Household net wealth

My take on the latest Stats NZ Household Wealth survey is a bit different from Max Rashbrooke's.

Here's Max:
The Household Net Worth survey by Statistics New Zealand shows the wealthiest one percent have 20 percent of all assets and the wealthiest tenth have 59 percent. The poorest half of adults - 1.8 million New Zealanders - have just 2 percent of all wealth. Māori net wealth is significantly lower than that of Pakeha.
These figures are broadly unchanged since the last such survey in 2015. But that's barely reason to celebrate.
Wealth - in the sense of things that people own, like houses, cars, financial investments and cash in the bank - provides security and stability. It is something people can draw on during tough times, a stake in the community, a base from which to plan for the future.

So it is hugely concerning that so many New Zealanders have so little wealth. And their position is not improving. Statistics New Zealand reports that the poorest 40 percent have seen no increase in their wealth in the last three years.
But look at the chart underlying this:
There was a half a percentage point increase in the number of people with net wealth of less than $100,000: those will be people with substantial debt. When I check the student loan tables, about 0.075% of the domestic population has student loan debt into those figures - the rest has to be other stuff. 

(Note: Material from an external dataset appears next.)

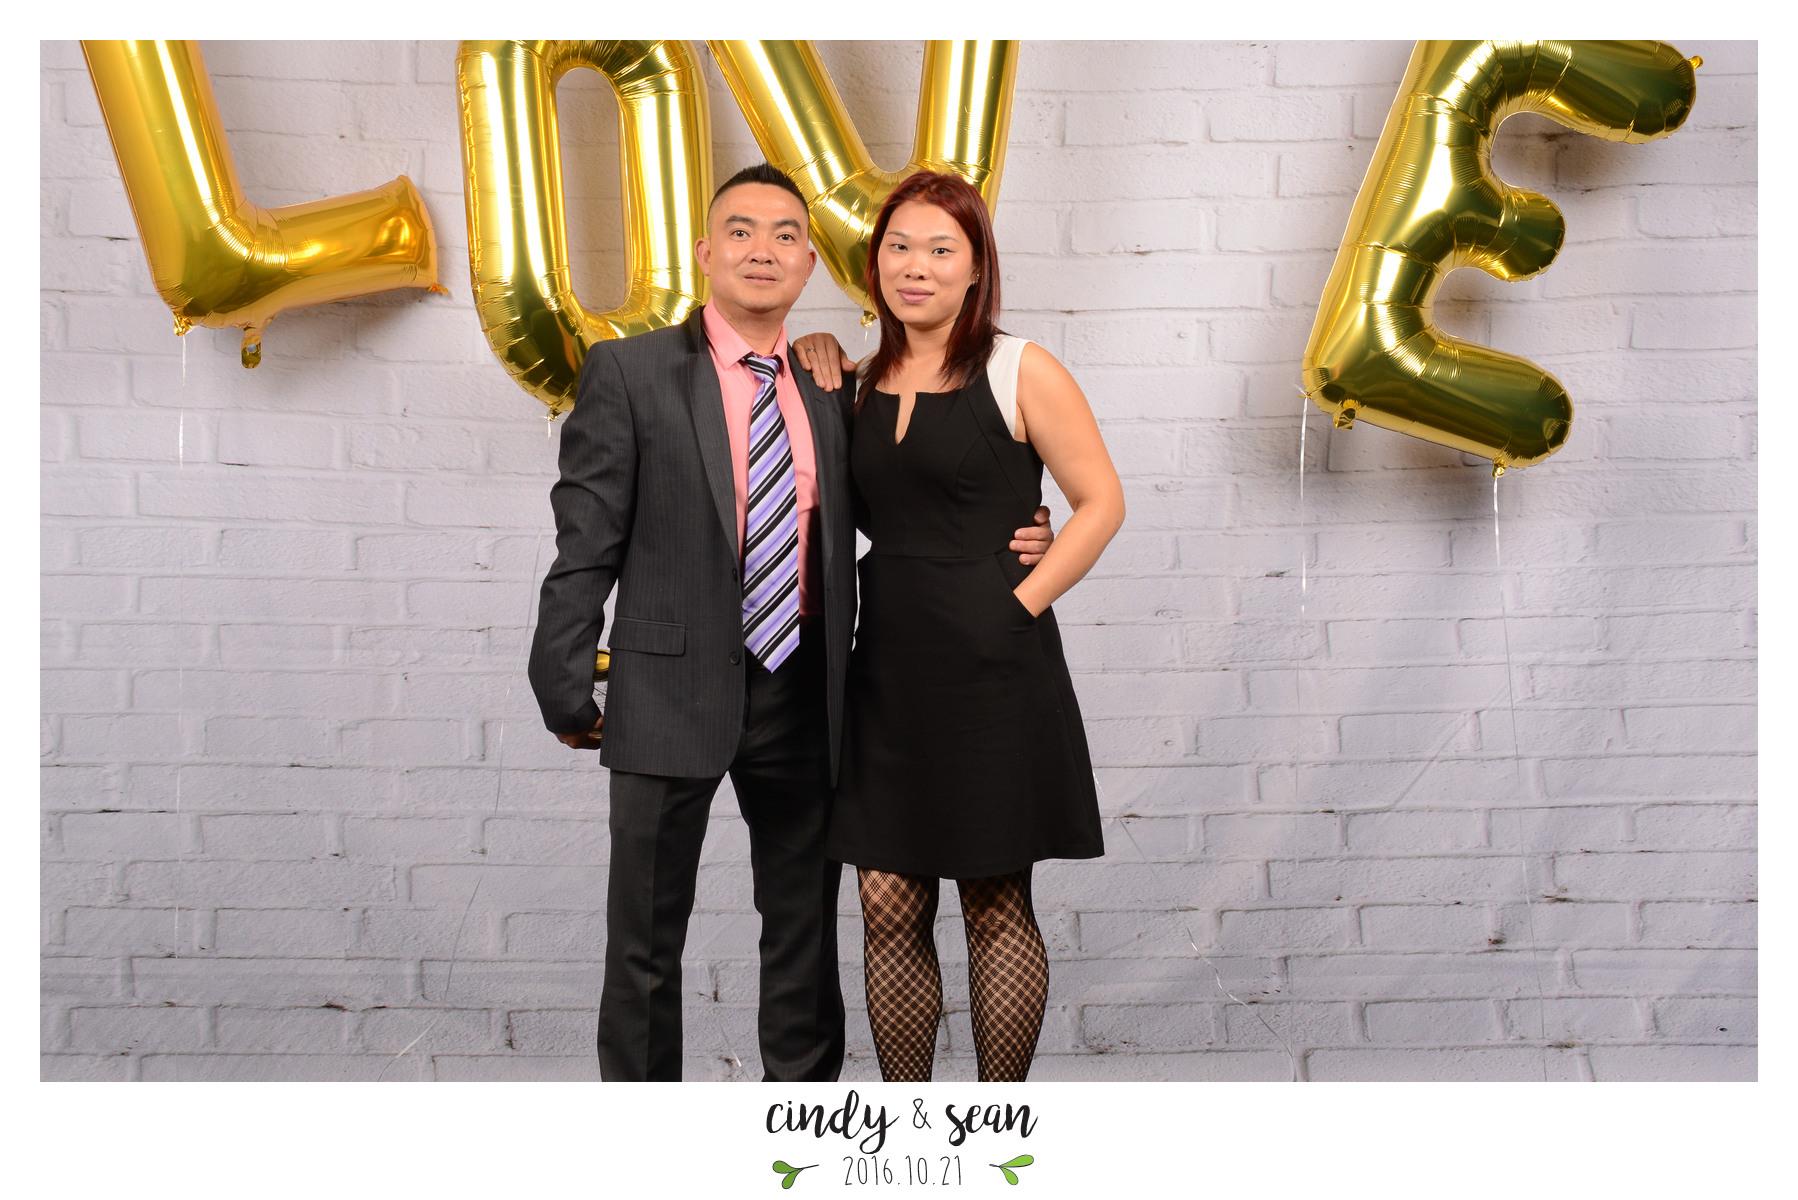 Cindy Sean Bae - 0001-62.jpg

Once we get into the positive net wealth categories, every net wealth category up to and including the $400-500k band had a smaller proportion of the population falling into it. Most bands above that saw an increase in the proportion of the population in the band, barring the $700-900k group. And the proportion of people with more than $1.5m in net wealth increased from 8.3% of the population in 2015 to 12.5% of the population in 2018.

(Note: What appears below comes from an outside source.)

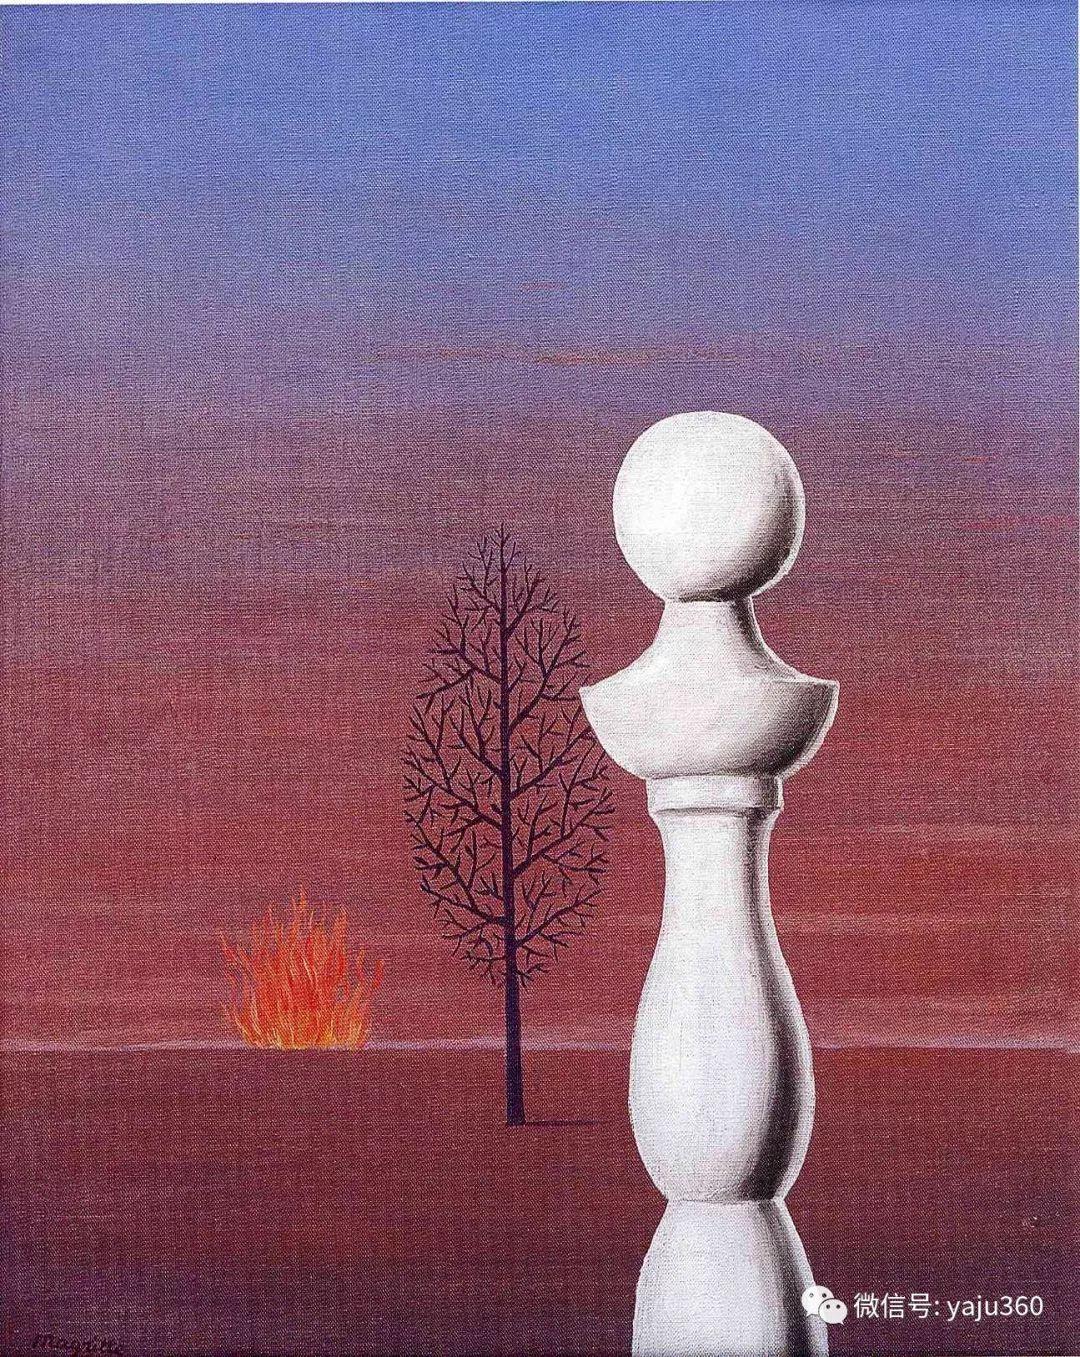 超现实主义 比利时画家Rene Magritte插图67

It would then be fair to characterise this as an overall upward shift in wealth, barring a small increase in the proportion of the population with substantial net debt.

The median person in 2015 would have been in the $200-$300k net wealth range. The median person in 2018 is in the $300-$400k net wealth range. But note that the figures are not inflation adjusted.

The overall curve looks to me to have shifted to the right, barring the increase in the proportion of people with substantial net debt of more than $100,000. All the focus on what proportion of the population has what proportion of overall wealth misses what looks like an overall increase in wealth.

And recall too that life-cycle stuff enters heavily here. These annual snapshots give a picture of the cross-section in any particular year. But people accrue wealth as they age, then start consuming from that wealth in retirement. Stats' press release has young people (age 15-24) with median net worth of $2k and older people (age 65-74) with net wealth of $416k. 

Every year, new people are born, existing people age, and some people die. Looking at annual snapshots doesn't tell us anything about how people move through the life cycle. Every person in 2015's bottom 40% could have increased in wealth, with no change to the wealth band of 2018's 40th percentile person, as the 2015 people move up through the age ranks and new people come in at the bottom. 

I'd also be pretty nervous about claims around the proportion of wealth held by different quintiles if substantial net debt held by a small proportion counts at the bottom. Some of it is student loan debt where the human capital generated by that education is not counted in the wealth tables - but only a small amount. I wonder if some of it is mortgage debt where the corresponding housing asset is held in a family trust not included in the wealth. Does it really seem likely that anybody would lend over $100,000 to those unlikely to be in a position to be able to pay it off?